RE: Watermarks event time vs processing time

2022-03-16 Thread Schwalbe Matthias
Hi Hanspeter,

Let me relate some hints that might help you getting concepts clearer.

From your description I make following assumptions where your are not specific 
enough (please confirm or correct in your answer):

  1.  You store incoming events in state per transaction_id to be 
sorted/aggregated(min/max time) by event time later on
  2.  So far you used a session window to determine the point in time when to 
emit the stored/enriched/sorted events
  3.  Watermarks are generated with bounded out of orderness
  4.  You use session windows with a specific gap
  5.  In your experiment you ever only send 1000 events and then stop producing 
incoming events

Now to your questions:

  *   For processing time session windows, watermarks play no role whatsoever, 
you simply assume that you’ve seen all events belonging so a single transaction 
id if the last such event for a specific transaction id was processed 
sessionWindowGap milliseconds ago
  *   Therefore you see all enriched incoming events the latest 
sessionWindowGap ms after the last incoming event (+ some latency)
  *   In event time mode and resp event time session windows the situation is 
exactly the same, only that processing time play no role
  *   A watermark means (ideally) that no event older than the watermark time 
ever follows the watermark (which itself is a meta-event that flows with the 
proper events on the same channels)
  *   In order for a session gap window to forward the enriched events the 
window operator needs to receive a watermark that is sessionWindowGap 
milliseconds beyond the latest incoming event (in terms of the respective event 
time)
  *   The watermark generator in order to generate a new watermark that 
triggers this last session window above needs to encounter an (any) event that 
has a timestamp of ( + outOfOrderness + 
sessionWindowGap + 1ms)
  *   Remember, the watermark generator never generated watermarks based on 
processing time, but only based on the timestamps it has seen in events 
actually encountered
  *   Coming back to your idleness configuration: it only means that the 
incoming stream becomes idle == timeless after a while … i.e. watermarks won’t 
make progress from this steam, and it tells all downstream operators
  *   Idleness specification is only useful if a respective operator has 
another source of valid watermarks (i.e. after a union of two streams, one 
active/one idle ….). this is not your case

I hope this clarifies your situation.

Cheers


Thias


From: HG 
Sent: Mittwoch, 16. März 2022 10:06
To: user 
Subject: Watermarks event time vs processing time

⚠EXTERNAL MESSAGE – CAUTION: Think Before You Click ⚠


Hi,

I read from a Kafka topic events that are in JSON format
These event contain a handling time (aka event time) in epoch milliseconds, a 
transaction_id and a large nested JSON structure.
I need to group the events by transaction_id, order them by handling time and 
calculate the differences in handling time.
The events are updated with this calculated elapsed time and pushed further.
So all events that go in should come out with the elapsed time added.

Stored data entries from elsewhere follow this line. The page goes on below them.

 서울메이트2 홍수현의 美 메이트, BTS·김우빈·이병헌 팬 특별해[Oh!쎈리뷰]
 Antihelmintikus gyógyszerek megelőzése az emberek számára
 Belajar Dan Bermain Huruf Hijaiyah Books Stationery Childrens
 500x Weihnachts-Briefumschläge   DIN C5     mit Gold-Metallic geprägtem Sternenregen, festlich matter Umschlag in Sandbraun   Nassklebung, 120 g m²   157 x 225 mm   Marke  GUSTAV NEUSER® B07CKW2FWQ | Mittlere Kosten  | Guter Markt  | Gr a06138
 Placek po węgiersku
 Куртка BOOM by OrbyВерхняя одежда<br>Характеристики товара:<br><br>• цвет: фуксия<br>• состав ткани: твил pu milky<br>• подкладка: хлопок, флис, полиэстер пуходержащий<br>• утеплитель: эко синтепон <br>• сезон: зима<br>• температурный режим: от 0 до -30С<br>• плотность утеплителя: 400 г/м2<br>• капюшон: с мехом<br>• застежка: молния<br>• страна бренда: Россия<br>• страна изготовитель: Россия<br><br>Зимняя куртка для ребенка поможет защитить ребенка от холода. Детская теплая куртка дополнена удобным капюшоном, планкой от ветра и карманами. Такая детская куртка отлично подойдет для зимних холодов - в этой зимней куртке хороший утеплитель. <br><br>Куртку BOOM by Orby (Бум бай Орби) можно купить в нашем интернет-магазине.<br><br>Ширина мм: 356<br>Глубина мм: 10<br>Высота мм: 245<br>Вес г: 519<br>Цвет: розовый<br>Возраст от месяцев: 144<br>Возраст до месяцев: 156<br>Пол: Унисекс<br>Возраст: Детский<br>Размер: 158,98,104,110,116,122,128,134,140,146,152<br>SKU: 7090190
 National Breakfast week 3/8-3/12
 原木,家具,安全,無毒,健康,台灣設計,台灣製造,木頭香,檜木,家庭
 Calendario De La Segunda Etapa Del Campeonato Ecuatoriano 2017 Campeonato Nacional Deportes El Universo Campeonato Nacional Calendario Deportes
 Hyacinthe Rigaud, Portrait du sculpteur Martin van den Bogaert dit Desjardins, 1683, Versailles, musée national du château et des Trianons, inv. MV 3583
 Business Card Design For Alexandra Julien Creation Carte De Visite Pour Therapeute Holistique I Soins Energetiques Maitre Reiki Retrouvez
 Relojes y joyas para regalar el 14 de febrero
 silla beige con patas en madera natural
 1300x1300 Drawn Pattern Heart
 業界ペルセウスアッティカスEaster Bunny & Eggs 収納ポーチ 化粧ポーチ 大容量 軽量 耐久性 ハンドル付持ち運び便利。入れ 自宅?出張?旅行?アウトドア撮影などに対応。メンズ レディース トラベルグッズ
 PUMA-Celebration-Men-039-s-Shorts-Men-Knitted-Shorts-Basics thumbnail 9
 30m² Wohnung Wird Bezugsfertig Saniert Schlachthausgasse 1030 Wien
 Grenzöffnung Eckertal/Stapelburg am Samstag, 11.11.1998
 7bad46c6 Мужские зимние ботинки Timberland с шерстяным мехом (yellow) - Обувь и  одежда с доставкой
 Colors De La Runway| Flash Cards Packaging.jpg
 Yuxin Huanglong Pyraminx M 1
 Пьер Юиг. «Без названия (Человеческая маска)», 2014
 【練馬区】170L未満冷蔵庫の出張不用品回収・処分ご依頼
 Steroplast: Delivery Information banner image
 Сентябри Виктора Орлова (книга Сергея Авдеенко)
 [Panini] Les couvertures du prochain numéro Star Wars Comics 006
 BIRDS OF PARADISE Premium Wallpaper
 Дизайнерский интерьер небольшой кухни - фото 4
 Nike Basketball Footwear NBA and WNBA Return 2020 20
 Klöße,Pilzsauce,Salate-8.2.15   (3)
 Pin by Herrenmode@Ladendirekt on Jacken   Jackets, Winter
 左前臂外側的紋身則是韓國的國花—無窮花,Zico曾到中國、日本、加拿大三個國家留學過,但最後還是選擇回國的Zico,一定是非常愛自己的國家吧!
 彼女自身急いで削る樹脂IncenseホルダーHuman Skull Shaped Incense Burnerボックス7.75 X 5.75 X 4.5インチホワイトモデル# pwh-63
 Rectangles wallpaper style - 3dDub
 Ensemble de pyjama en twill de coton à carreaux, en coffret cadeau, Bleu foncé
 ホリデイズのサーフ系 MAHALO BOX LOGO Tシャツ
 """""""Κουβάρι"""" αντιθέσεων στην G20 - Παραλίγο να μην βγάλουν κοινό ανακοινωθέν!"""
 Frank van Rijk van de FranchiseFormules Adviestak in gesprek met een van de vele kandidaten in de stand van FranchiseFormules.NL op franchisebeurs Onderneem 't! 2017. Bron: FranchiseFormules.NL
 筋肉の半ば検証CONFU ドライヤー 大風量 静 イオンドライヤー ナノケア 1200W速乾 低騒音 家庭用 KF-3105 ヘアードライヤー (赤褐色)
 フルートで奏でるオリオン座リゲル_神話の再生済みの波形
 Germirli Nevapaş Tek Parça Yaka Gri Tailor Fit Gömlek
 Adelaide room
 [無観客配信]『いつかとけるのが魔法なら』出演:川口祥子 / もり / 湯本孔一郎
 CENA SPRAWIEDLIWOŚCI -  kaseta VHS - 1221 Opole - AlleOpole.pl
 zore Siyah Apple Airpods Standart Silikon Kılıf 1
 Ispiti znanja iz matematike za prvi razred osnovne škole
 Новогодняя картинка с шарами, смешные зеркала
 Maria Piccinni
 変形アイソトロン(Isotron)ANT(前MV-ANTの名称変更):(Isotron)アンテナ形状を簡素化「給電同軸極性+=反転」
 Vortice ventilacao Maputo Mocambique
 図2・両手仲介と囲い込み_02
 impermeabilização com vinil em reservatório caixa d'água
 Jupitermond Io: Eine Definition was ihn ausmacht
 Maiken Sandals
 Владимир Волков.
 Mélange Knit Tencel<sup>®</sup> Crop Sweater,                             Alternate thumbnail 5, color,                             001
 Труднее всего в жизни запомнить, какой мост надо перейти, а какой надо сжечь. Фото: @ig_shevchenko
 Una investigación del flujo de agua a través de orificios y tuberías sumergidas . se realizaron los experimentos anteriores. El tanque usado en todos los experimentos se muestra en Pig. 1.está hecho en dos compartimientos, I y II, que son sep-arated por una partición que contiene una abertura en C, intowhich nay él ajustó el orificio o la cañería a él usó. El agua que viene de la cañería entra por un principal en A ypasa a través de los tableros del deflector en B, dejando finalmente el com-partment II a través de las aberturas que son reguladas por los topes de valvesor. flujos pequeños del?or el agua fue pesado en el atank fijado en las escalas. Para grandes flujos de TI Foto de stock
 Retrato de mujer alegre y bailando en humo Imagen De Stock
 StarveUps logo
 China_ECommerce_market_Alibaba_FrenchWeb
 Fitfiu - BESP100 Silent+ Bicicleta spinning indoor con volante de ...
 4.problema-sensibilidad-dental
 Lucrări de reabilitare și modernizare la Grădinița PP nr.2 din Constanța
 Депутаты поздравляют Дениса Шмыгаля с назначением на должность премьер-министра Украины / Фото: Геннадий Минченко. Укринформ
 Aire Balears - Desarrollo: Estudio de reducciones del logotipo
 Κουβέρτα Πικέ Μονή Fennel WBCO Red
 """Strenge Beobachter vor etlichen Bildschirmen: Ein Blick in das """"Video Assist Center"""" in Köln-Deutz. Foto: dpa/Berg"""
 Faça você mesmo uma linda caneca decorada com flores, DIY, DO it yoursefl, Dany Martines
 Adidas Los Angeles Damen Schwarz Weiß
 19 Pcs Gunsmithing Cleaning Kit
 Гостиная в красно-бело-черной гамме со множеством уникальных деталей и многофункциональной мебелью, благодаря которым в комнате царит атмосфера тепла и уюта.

For testing I use events that are old (so handling time is not nearly the wall 
clock time)
Initially I used EventTimeSessionWindows but somehow the processing did not run 
as expected.
When I pushed 1000 events eventually 800 or so would appear at the output.
This was resolved by switching to ProcessingTimeSessionWindows .
My thought was then that I could remove the watermarkstrategies with watermarks 
with timestamp assigners (handling time) for the Kafka input stream and the 
data stream.
However this was not the case.

Can anyone enlighten me as to why the watermark strategies are still needed?

Below the code

KafkaSource source = KafkaSource.builder()
.setProperties(kafkaProps)
.setProperty("ssl.truststore.type", trustStoreType)
.setProperty("ssl.truststore.password", trustStorePassword)
.setProperty("ssl.truststore.location", trustStoreLocation)
.setProperty("security.protocol", securityProtocol)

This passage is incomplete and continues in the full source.